Accessing Items — Same as List


    person = ("Gagan", 22, "Delhi")

    print(person[0])     # Gagan
    print(person[1])     # 22
    print(person[-1])    # Delhi — negative indexing works too

Slicing works too:


    days = ("Mon", "Tue", "Wed", "Thu", "Fri", "Sat", "Sun")

    print(days[0:5])     # ('Mon', 'Tue', 'Wed', 'Thu', 'Fri')
    print(days[-2:])     # ('Sat', 'Sun')


Tuples are Immutable — Cannot Change


    colors = ("red", "green", "blue")

    colors[0] = "yellow"    # ERROR! TypeError: tuple does not support item assignment

Once a tuple is created, its values are locked. No adding, removing, or changing.

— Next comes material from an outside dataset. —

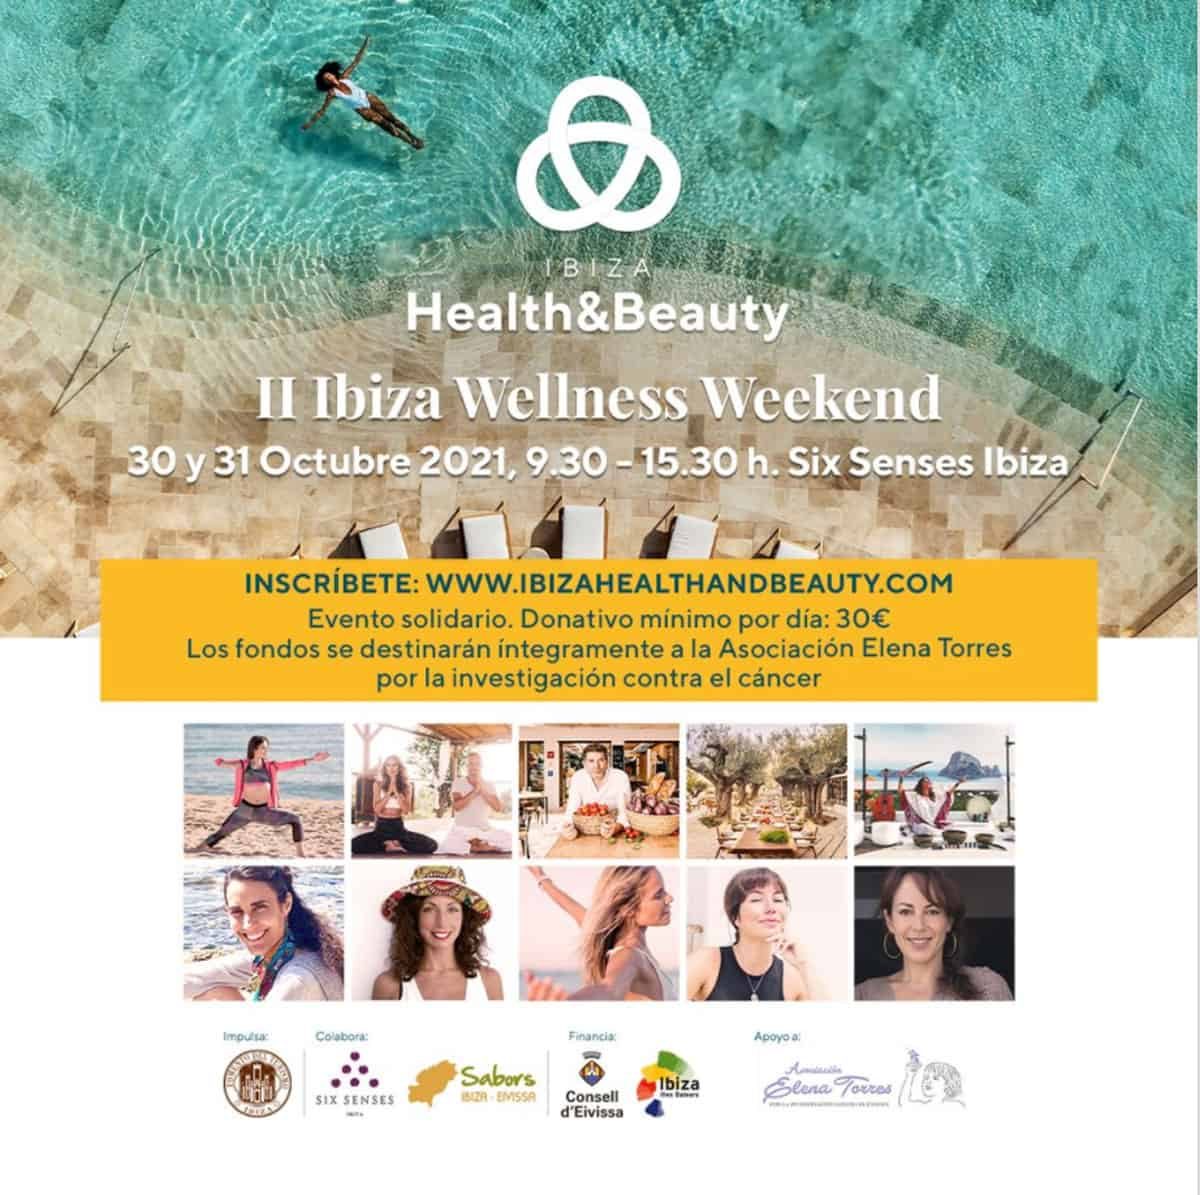 ii-ibiza-wellness-weekend-six-senses-ibiza-2021-welcometoibiza

Why Use Tuple If You Can't Change It?

Great question. Here's why tuples exist:

1. Safety — When data should never change, use a tuple. Like days of the week, months of the year, coordinates of a fixed location. Using a tuple signals to anyone reading your code "this data is not supposed to change."

2. Speed — Tuples are slightly faster than lists because Python knows they won't change.

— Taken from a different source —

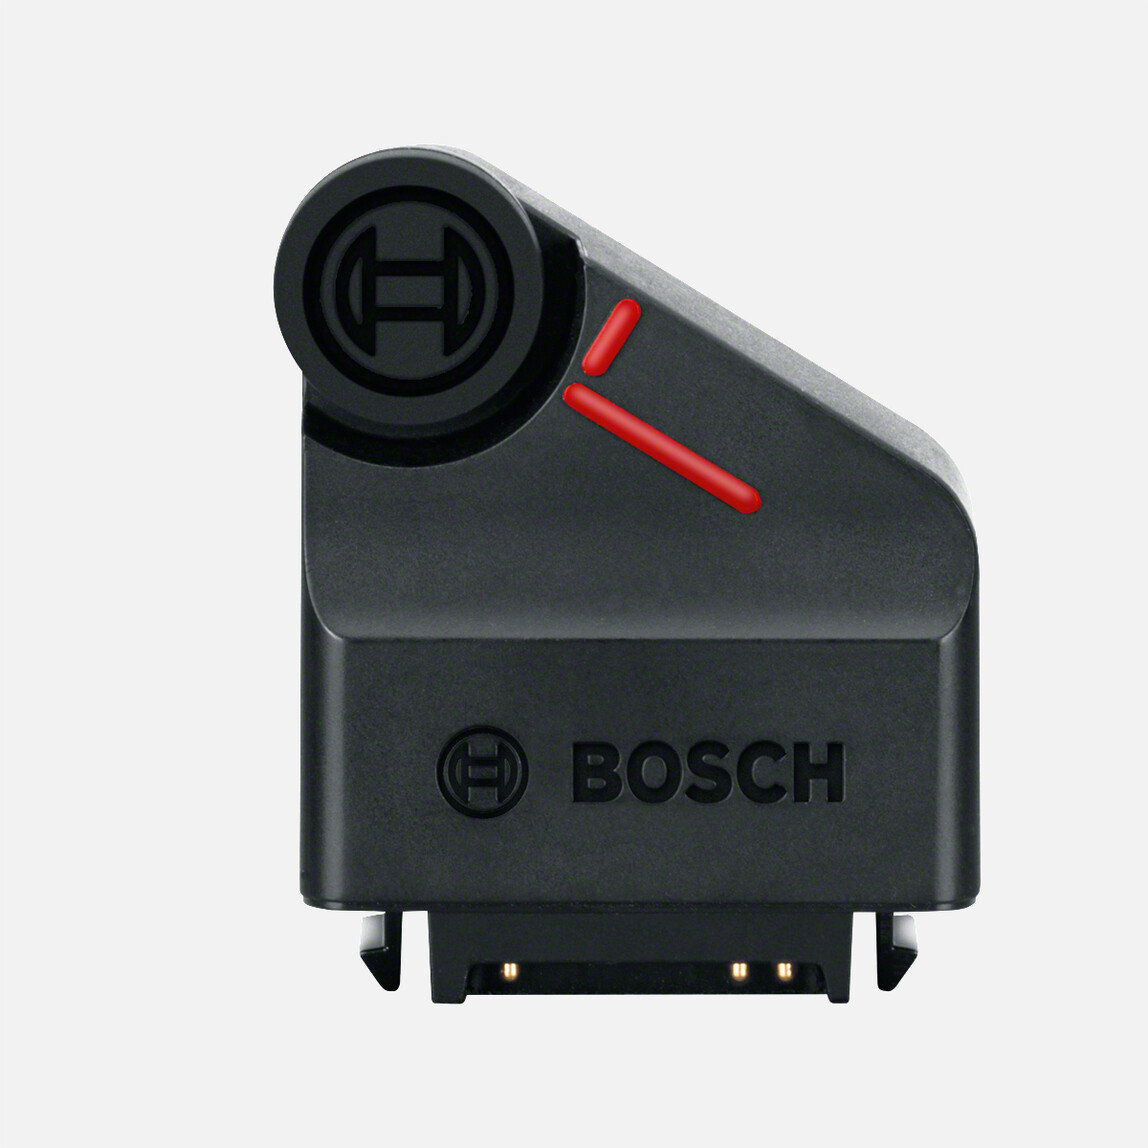    Bosch Zamo Iıı 20 m Teker Adaptörü

3. Dictionary keys — Tuples can be used as dictionary keys, lists cannot. (We'll see this soon.)

Real world examples of tuple data:


    months = ("Jan", "Feb", "Mar", "Apr", "May", "Jun",
            "Jul", "Aug", "Sep", "Oct", "Nov", "Dec")

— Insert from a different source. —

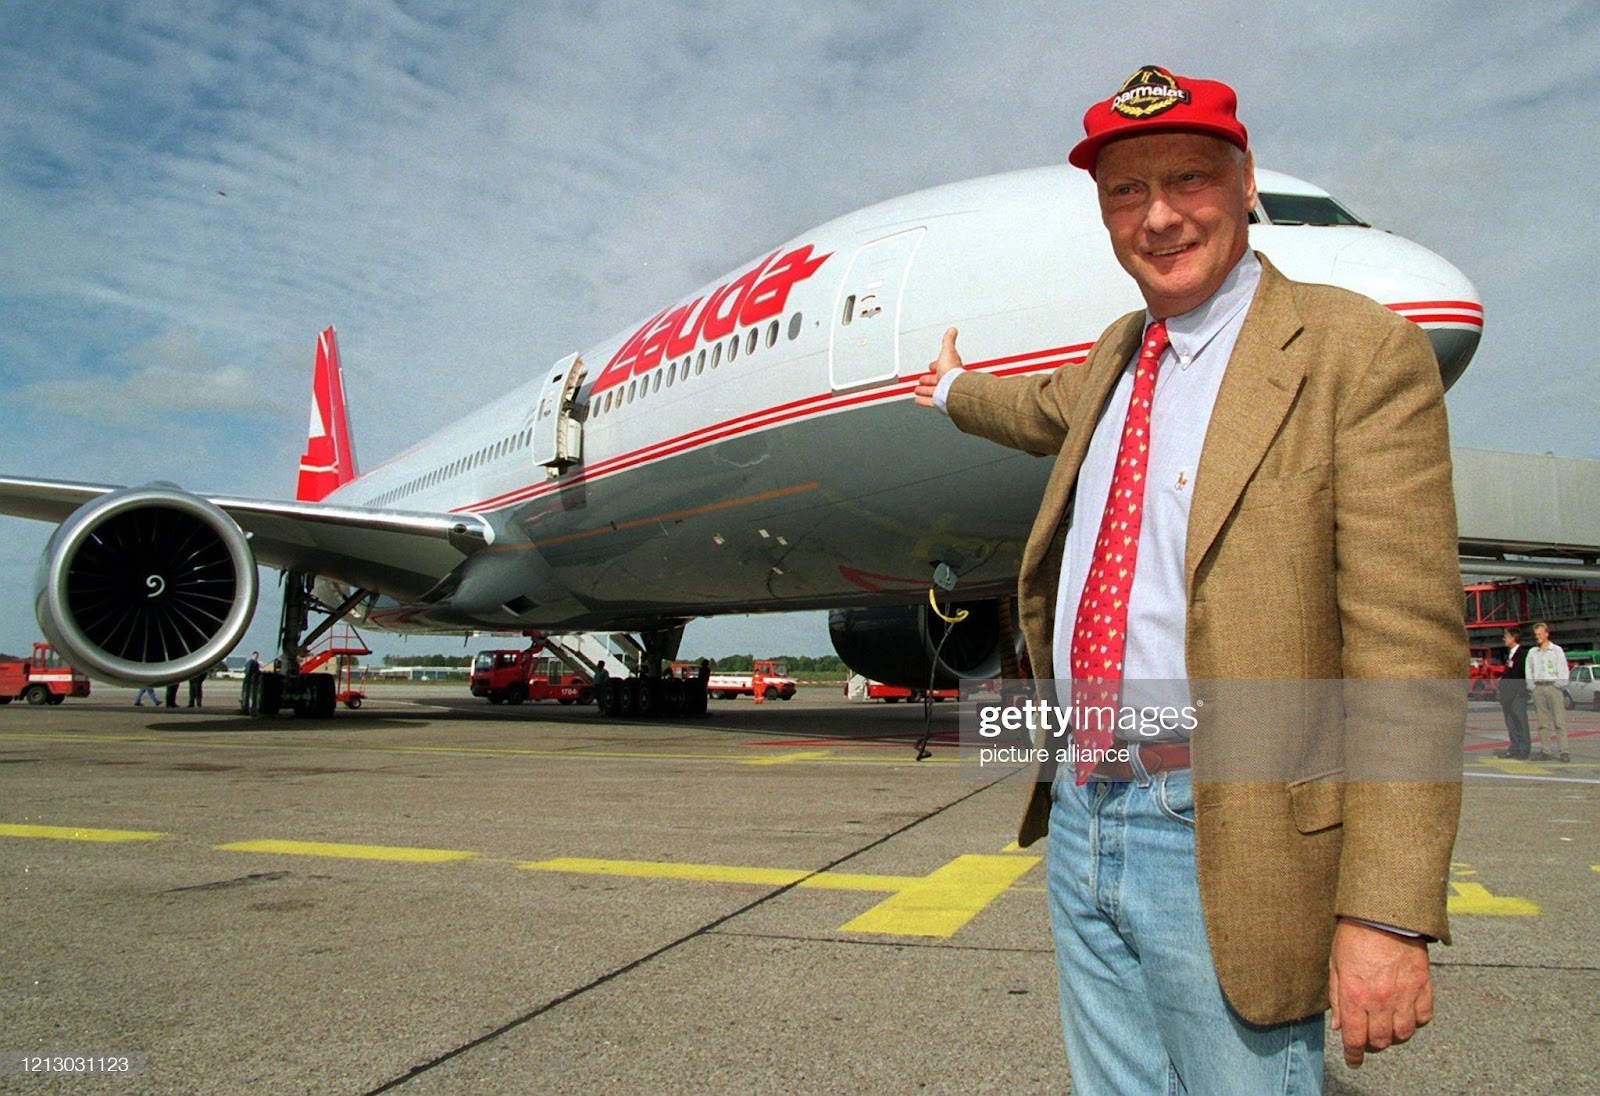 Niki Lauda next to an airplane

    directions = ("North", "South", "East", "West")

    status_codes = (200, 301, 404, 500)

These values will never change — tuple is perfect.


Tuple Methods

Tuples have only 2 methods (because you can't modify them):


    numbers = (1, 2, 3, 2, 4, 2, 5)

    print(numbers.count(2))      # 3 — how many times 2 appears
    print(numbers.index(4))      # 4 — index of value 4
    print(len(numbers))          # 7 — total items


Tuple Unpacking — Very Useful

You can unpack tuple values directly into variables:


    person = ("Gagan", 22, "Delhi")

    name, age, city = person       # unpacking

    print(name)    # Gagan
    print(age)     # 22
    print(city)    # Delhi

This works with lists too. You've seen a version of this before with enumerate().

Looping Through Tuple


    days = ("Mon", "Tue", "Wed", "Thu", "Fri")

    for day in days:
        print(day)

Exactly same as looping through a list.


Part 2 — Dictionaries

What is a Dictionary?

A list stores items by index number — 0, 1, 2, 3...

A dictionary stores items by custom keys — like a real dictionary where you look up words.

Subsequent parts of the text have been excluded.